Over those previous three campaigns, with McDavid on the ice, the Oilers scored on 10.56 percent of the shots taken. This year? They’ve scored on just 6.8 percent of their shots taken. If, for example, the Oilers had been shooting 10.56 percent from previous years this year, the Oilers would have scored 21.7 goals with McDavid on the ice this year.
So we’re looking at a difference of roughly six goals. Given that McDavid over those previous three seasons had contributed to 82.5 percent of the goals scored while on the ice, McDavid should have scored 17.325 5×5 points this season, based on previous averages.
17 points this season would rank him tied for fourth in the league in terms of raw 5×5 production.
So what’s to contribute to McDavid producing less at 5×5 this season? Well, there are a lot of things. First, the Oilers are missing two players in their top six. Evander Kane and Kailer Yamamoto have missed significant time this season due to their varying injuries. Yamamoto, before he was injured on Nov. 8, was having a tough start to his season in terms of 5×5 production.

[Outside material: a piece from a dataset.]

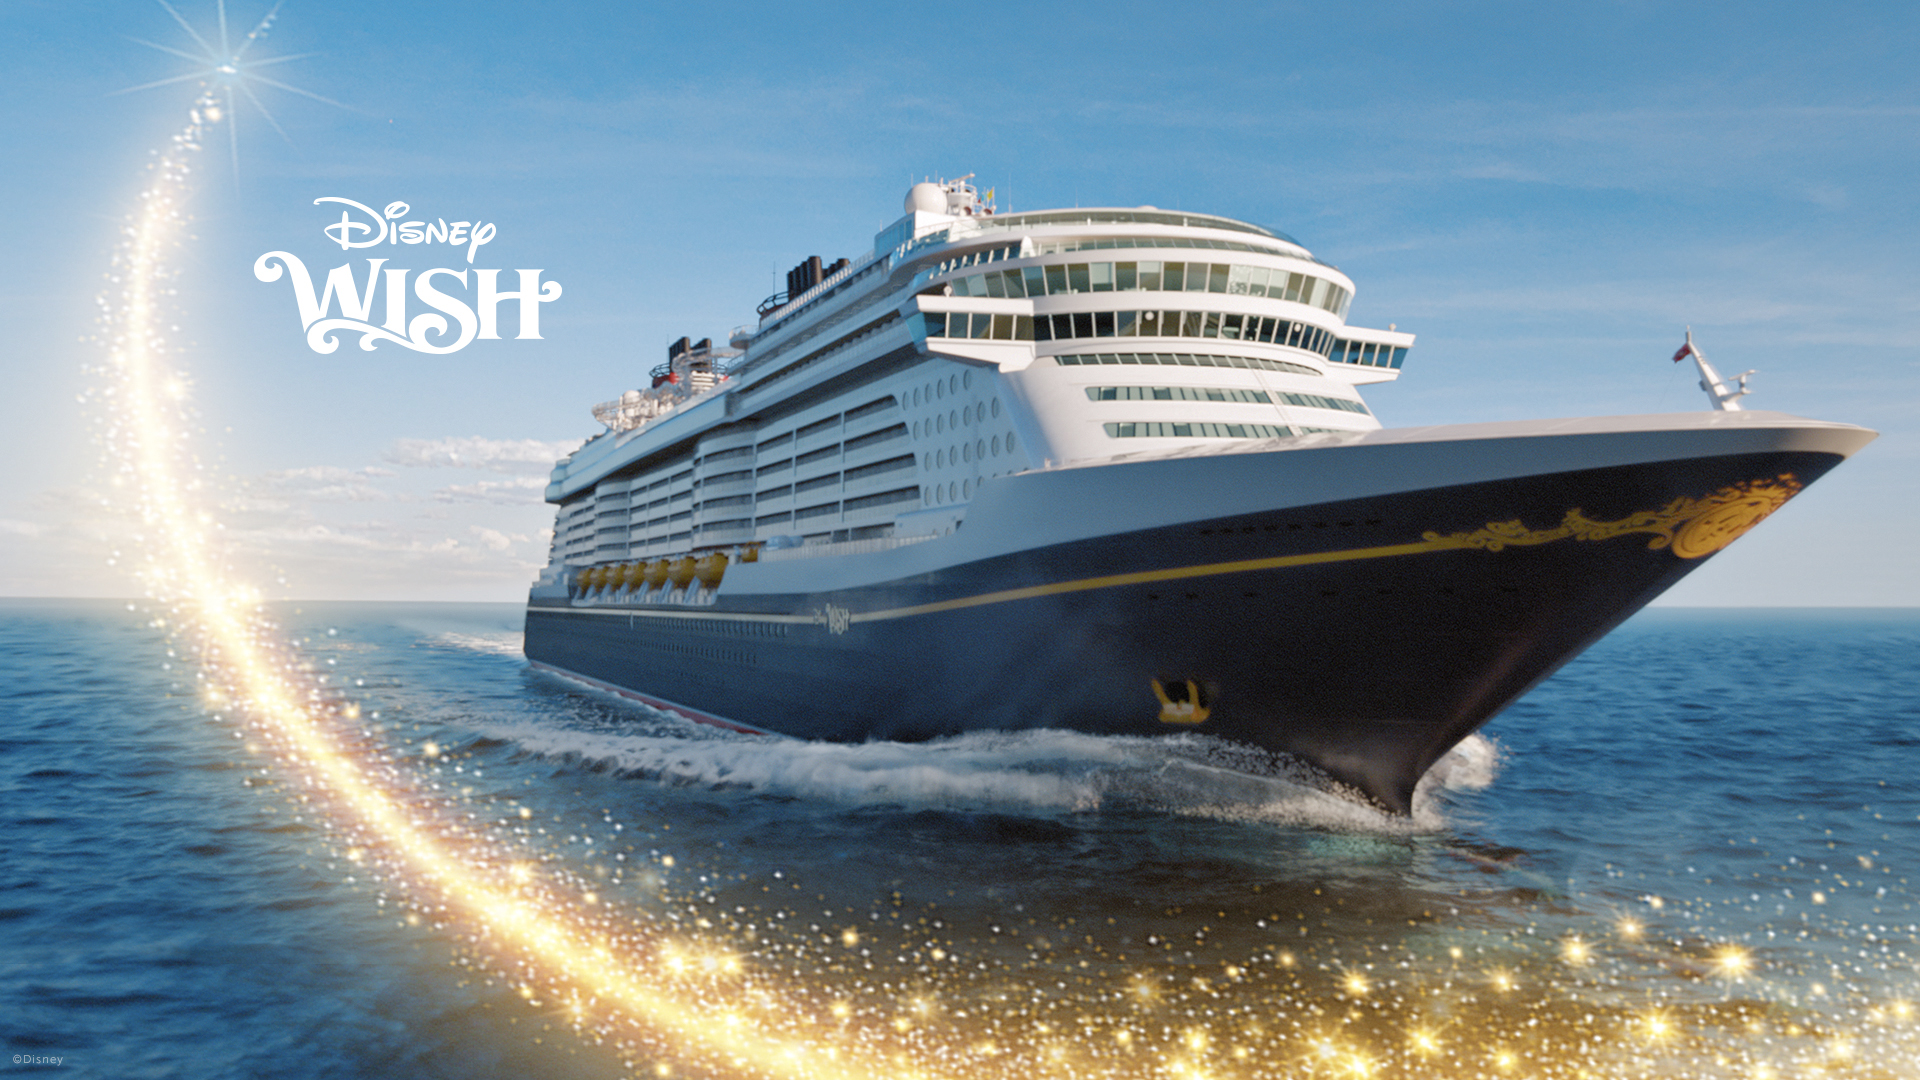 Disney Wish: All You Need To Know About This Stunning Disney Cruise Ship!

Draisaitl’s 5×5 production is down to start the year with him seeing a similar fate to that of McDavid. While Zach Hyman is scoring more this year than before, Ryan Nugent-Hopkins is still scoring at what’s been average for me. Jesse Puljujarvi, however, has had some real struggles getting on the scoresheet. He, nor Yamamoto, are to blame, however.
People will try to cry afoul about McDavid’s insane production on the powerplay. Here are the top five powerplay point producers in the NHL over the previous three seasons: McDavid (124), Draisaitl (117), Huberdeau (91), Victor Hedman (84) and Nathan MacKinnon (83).
If teams want Connor McDavid to stop scoring points on the powerplay then I would simply stop taking penalties against the oilers. It’s not that hard.
Nonetheless, McDavid continues to be the best, most advanced, most offensively gifted player to play the game. If there’s one thing. He’s scored at consistent rates over the course of his career, and while things may look bleak looking at raw 5×5 production right now, there’s very much reason to believe he will bounce back sooner, rather than later. Just look at what’s happened with Evan Bouchard.
And when McDavid, who is already leading the league in scoring with 39 points, he’s going to separate from the pack even further. 150 points, or more, is very much within reach.